(Data excerpts)
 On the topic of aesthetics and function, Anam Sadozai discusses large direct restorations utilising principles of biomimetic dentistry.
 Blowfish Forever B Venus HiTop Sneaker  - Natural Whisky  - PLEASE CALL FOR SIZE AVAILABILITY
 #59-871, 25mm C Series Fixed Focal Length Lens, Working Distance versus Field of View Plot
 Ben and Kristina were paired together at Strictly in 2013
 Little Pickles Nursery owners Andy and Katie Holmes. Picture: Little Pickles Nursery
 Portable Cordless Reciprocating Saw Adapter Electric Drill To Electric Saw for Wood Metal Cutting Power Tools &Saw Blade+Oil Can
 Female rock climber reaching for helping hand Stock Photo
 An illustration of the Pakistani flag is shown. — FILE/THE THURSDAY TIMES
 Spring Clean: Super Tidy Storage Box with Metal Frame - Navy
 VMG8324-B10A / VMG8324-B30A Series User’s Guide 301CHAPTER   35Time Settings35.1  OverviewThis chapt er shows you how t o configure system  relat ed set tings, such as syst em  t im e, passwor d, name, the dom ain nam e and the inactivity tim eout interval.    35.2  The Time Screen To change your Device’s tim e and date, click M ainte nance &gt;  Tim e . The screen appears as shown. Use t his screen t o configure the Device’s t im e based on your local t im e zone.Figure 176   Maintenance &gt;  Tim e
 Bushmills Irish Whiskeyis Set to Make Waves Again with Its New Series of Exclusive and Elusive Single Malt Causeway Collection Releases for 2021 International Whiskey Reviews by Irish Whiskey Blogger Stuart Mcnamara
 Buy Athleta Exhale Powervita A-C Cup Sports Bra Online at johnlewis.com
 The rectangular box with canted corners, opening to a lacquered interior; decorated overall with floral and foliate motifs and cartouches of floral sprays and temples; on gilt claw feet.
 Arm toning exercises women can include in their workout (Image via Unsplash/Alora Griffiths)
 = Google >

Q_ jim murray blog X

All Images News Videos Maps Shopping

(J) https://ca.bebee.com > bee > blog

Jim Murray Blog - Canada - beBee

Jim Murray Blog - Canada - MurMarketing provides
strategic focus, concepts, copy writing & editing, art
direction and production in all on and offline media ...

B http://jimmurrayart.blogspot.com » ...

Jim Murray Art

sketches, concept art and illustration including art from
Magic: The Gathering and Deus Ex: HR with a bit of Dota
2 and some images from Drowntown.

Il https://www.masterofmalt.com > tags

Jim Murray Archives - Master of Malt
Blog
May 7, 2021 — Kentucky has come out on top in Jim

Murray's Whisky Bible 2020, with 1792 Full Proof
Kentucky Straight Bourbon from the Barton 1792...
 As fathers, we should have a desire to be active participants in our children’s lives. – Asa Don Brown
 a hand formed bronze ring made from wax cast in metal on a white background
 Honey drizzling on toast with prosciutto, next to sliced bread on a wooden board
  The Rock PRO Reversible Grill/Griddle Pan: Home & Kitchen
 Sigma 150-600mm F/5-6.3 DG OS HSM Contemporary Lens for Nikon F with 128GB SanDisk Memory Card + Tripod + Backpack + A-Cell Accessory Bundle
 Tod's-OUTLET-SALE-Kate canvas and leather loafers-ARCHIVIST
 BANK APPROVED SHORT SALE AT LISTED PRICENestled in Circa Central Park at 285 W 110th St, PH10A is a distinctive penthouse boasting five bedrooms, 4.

**REQUIRED ACTION:** Check each line of the entries for "https" and copy those that have it.

**REPLY:**
(J) https://ca.bebee.com > bee > blog
Il https://www.masterofmalt.com > tags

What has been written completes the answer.